Yesterday was tough. Night sweats. Day sweats Full-body, uncontrollable itching. And all because we had to wait another day to find out if Graham actually accepted AshLee's rose (note: if you actually suffered symptoms because you had to wait a day for more "Bachelor in Paradise," please call an ambulance. And then a good psychotherapist).

But at long last, the wait is over. AshLee said those fateful words: "Graham, will you accept this rose?"

And Graham took a minute to think it over, then fled the stage at full speed. And when we pick up tonight, Graham's still fleeing. And sweating. Really sweating; the guy looks like he just climbed out of a very stressful hot tub. He's clearly having an anxiety attack, but at least he's got his good friend Michelle to care for him and grab him a glass of water.

Not AshLee though. She will stand on that rose ceremony stage, and she will wait this little "anxiety attack" thing out as long as she has to, so long as Graham eventually comes back and says yes. Ever the caring girlfriend, AshLee.

And Graham eventually does come back, and after recovering from that little oh god oh god oh god this woman is insane I can't keep dating her episode, he gladly accepts her rose. Why? Stockholm Syndrome, probably.
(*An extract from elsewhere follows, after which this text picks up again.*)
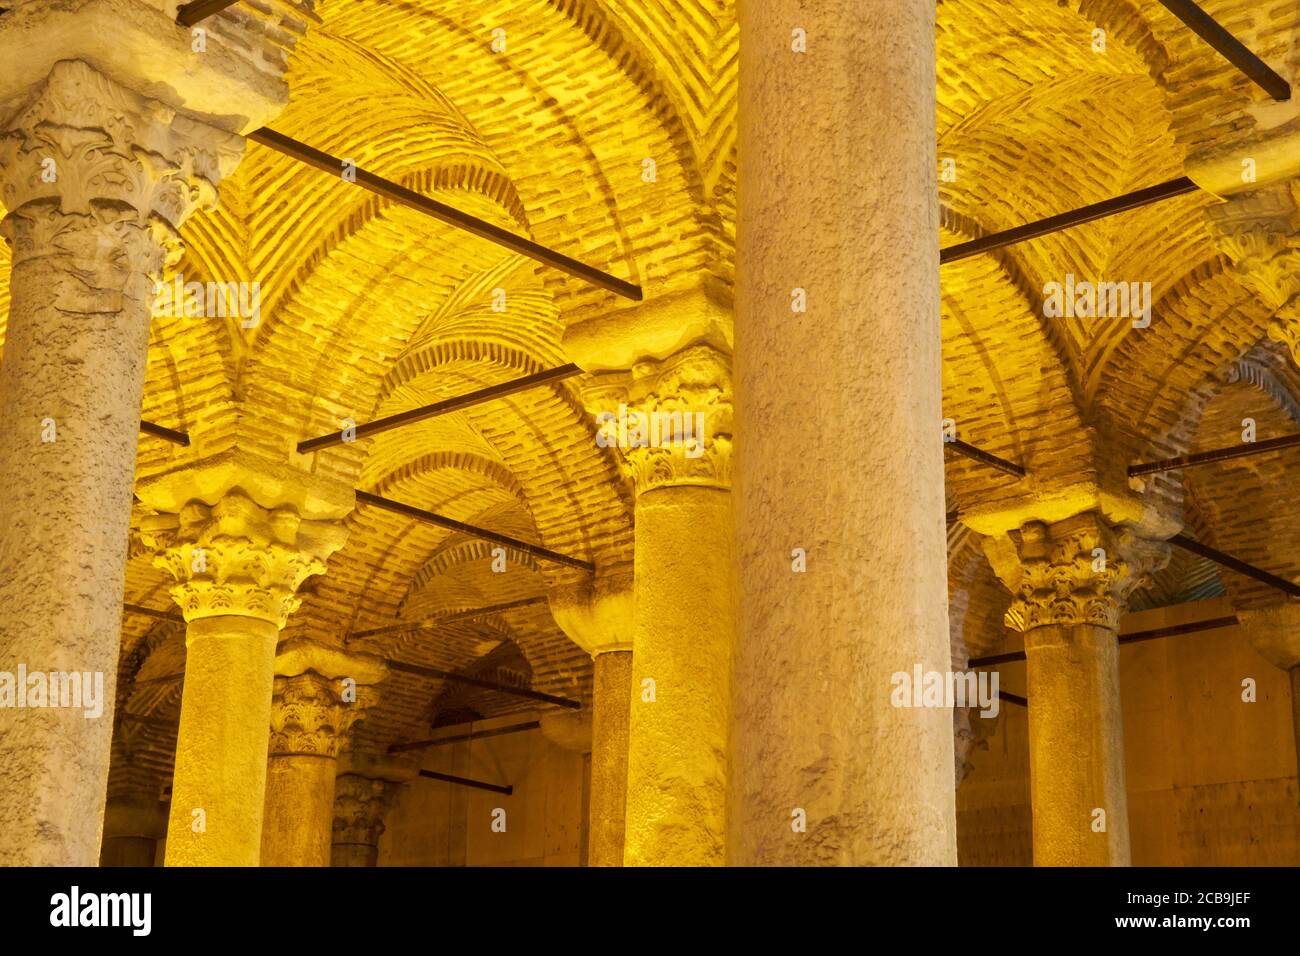 Interior of the Basilica Cistern, or Sunken Cistern. Sultanahmet. Istanbul. Turkey. Stock Photo

Finally, we can put all this drama behind us. Well, all of us accept Lacy, who's so upset that Graham would accept the rose of a two-faced harpy that she flees the stage herself, and proceeds to barf herself into a medical emergency. It's upsetting (also, gross), but it gives her and Marcus a little couples' bonding time.

Now, to do what we should have done on Monday. Ready?

And the losers are:

Kalon, who shocked the world by accepting a date from no one. And then accepting a rose from no one. A miraculous display of unlikability.

Marquel, a genuinely decent guy who was beaten to Jackie's affections by the biggest player in the house. Oh, Marquel. We'll miss you. And presumably so will the other contestants, as they'll no longer wake up to a fresh-baked chocolate-chocolate-chunk cookie on their pillow every morning.

(In case you weren't aware, Marquel first rose to "Bachelorette" prominence as a cookie connoisseur).

You don't deserve to leave like this, Marquel. Mostly, though, you don't deserve to be lumped into a category that also includes Kalon. That guy's kind of a douche.